The sanctity of contracts
October 1, 2008 by Administrator
Filed under Due Diligence
For relationships to last and for business to thrive, TRUST must be sowed and nurtured between the parties. This applies both to personal and business affairs. Every day, each one of us enters into agreements with each other, whether on trivial private affairs or in billions of pesos of business transactions.
Unknown to most nonlawyers, contracts can be verbal as well. However, it is generally presumed that whenever parties enter into contracts, particularly in most businesses, those contracts must be written. This understanding is not without reason. For at the passage of time, human memory may fail and not fully remember the terms of the agreements a person might have entered into.
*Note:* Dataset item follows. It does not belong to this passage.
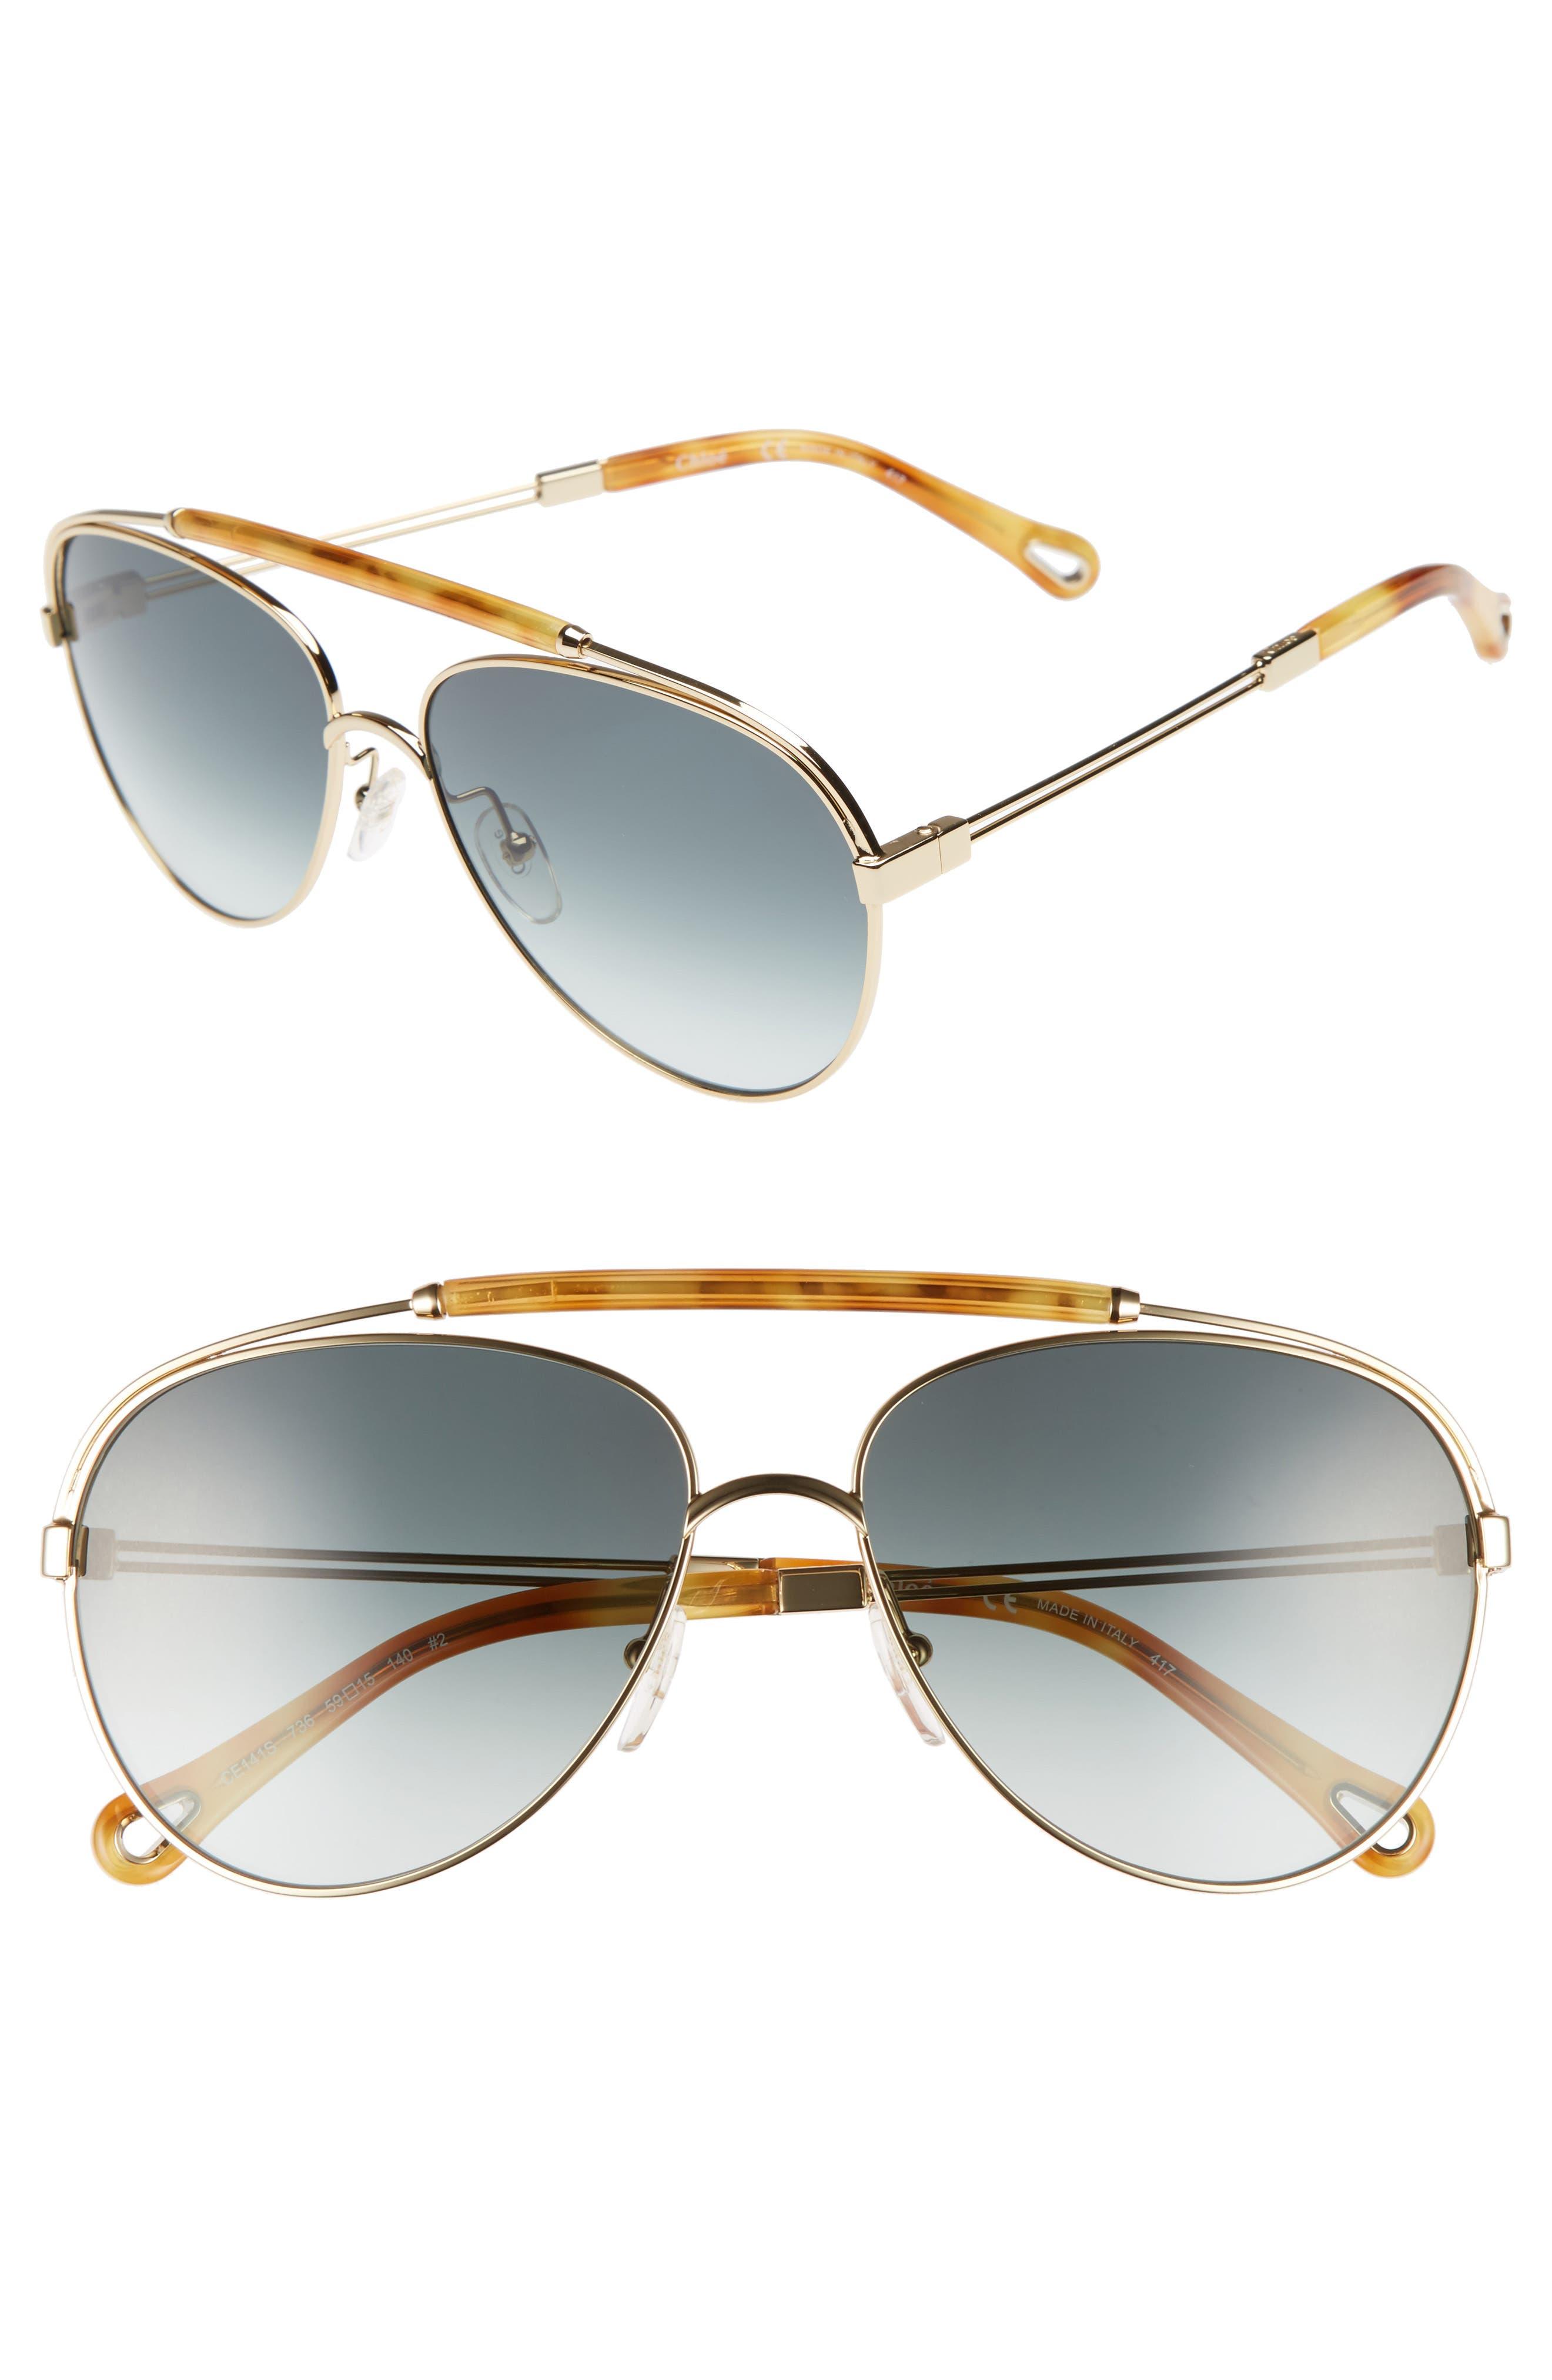 Jackie 59mm Aviator Sunglasses,                             Main thumbnail 1, color,                             GOLD/ BLONDE HAVANA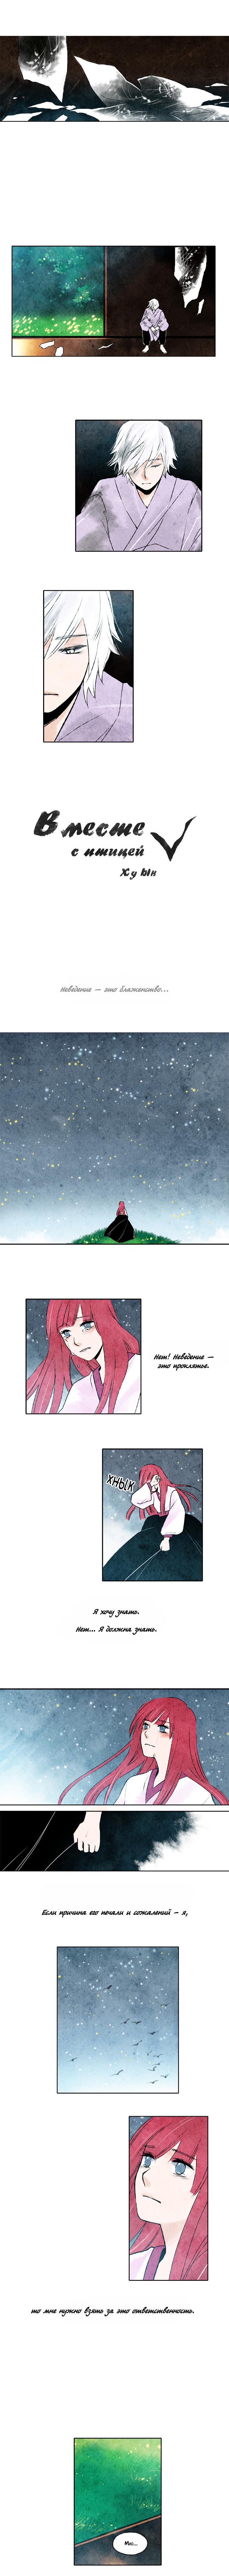 https://r1.ninemanga.com/comics/pic2/39/22503/1257054/1541334849772.jpg Page 1

Hence, to avoid such confusion that may destroy an otherwise fruitful business relationship, the parties (and even the law in some forms of contracts) make it sure that everything that what they have agreed into are recorded and placed in writing for future reference.
The sanctity of contract is of paramount interest to human affairs. For this reason, even the Constitution protects it and ensure that persons or corporations, will have the legal system to run to and seek remedy or enforcement.
It must be emphasized though that before one could invoke the sanctity of contract, the very contract that he is relying on must at first be capable of being sanctified; that is, it is not illegal, immoral or against public policy. And the parties must themselves have been capable of “sanctification” when they entered into it; hence, they must have entered into it in “good faith” and have the capacity to enter into such agreement.
Entering into a contract with government
Private contracting parties when dealing with the government must therefore observe their own “sanctity.” In a profit-maximizing world full of competitors, they tend to outdo each other in so many ways. Unfortunately, there are those who achieve their ends thru “unsanctified” ways.
While all contracts are sacred, government contracts can be classified as one with an extraordinary “sacredness” (this despite the fact that it is extraordinarily transgressed in such regularity as well in some cases). This is so because government contracts do not only bind private sector interests but the entire state through the government. Not only is the public officer entering into it vested with public trust but most significantly, such contract when done to the disadvantage of the government shall burden all citizens of the state.
Relatedly, the government itself must respect the rights of private parties by observing the contract that it entered into. Hence, there is distinction between the power of the state as a sovereign which renders the state immune from suit and the power of the state as a contracting party where the state sheds such immunity for the interest of fairness and protection of the rights of the private party contracting with it. The government is not exempted from observing good faith as well – at least in a functioning democracy.
While this “unorthodox” rent-seeking ways may pay off in the short-term, the lessons learned in the so many cases such as PIATCO and PEA-AMARI show that it would eventually destroy all the parties that participated in it. Such methods cast away the mantle of contractual sanctity and the law does not provide protection for it.
Hence, it is still a good practice that everyone should observe the sanctity of contract from beginning to end. Thus, when a contract is a subject of bidding, the final contract should not be materially and substantially different from the terms of the reference of such bidding unless legally justified and done in the most transparent way. If a contract is negotiated, such negotiations must transpire and be concluded with terms that are not advantageous to the government, conducted in transparent manner, and with the involvement of all concerned, as may be provided for the rules or by law.
It is best practice to thresh out all unclear terms, obligations, representations and warranties, default provisions and all other issues prior to the signing of any contract. It is imperative to conduct legal and financial due diligence before making any commitment. Failure to do so would be tantamount to gross negligence which may expose the board and officers of the contracting parties as well as the signatories to grave legal liabilities, criminally, civilly and administratively. Such prudence and diligence in making business judgment is an indispensable part of the sanctity of contract.
But once a contract is signed, all parties must observe its terms faithfully to its very letter. Good faith is the foundation of contractual sanctity. From its preparation, execution, implementation and termination. Its presence must be enduring and continuing to the end of the agreement. To cast this aside would entail the destruction of trust and the failure of relationships which may be most difficult to attain again.
Atty. Arnel Paciano Casanova completed his Masters in Public Administration (Finance and Leadership) from Harvard University’s Kennedy School of Government as a Mason Fellow in 2007. He obtained his law degree from the UP College of Law (1998) where he likewise obtained his Diploma in Urban and Regional Planning (2000). His expertise is in the field of real property development, public-private partnerships, privatization, public infrastructure and construction, security and negotiations, corporate governance and social entrepreneurship. He is a recipient of the Philippine Legion of Honor Medal in 1997 and was selected by the Asia Society in New York as one of the Asia Young Leaders of 2007. He is currently a General Counsel and Corporate Secretary of a major government corporation and has served as Corporate Secretary of some private corporations. He lectures in Ateneo School of Governemnt as lead faculty for social entrepreneurship.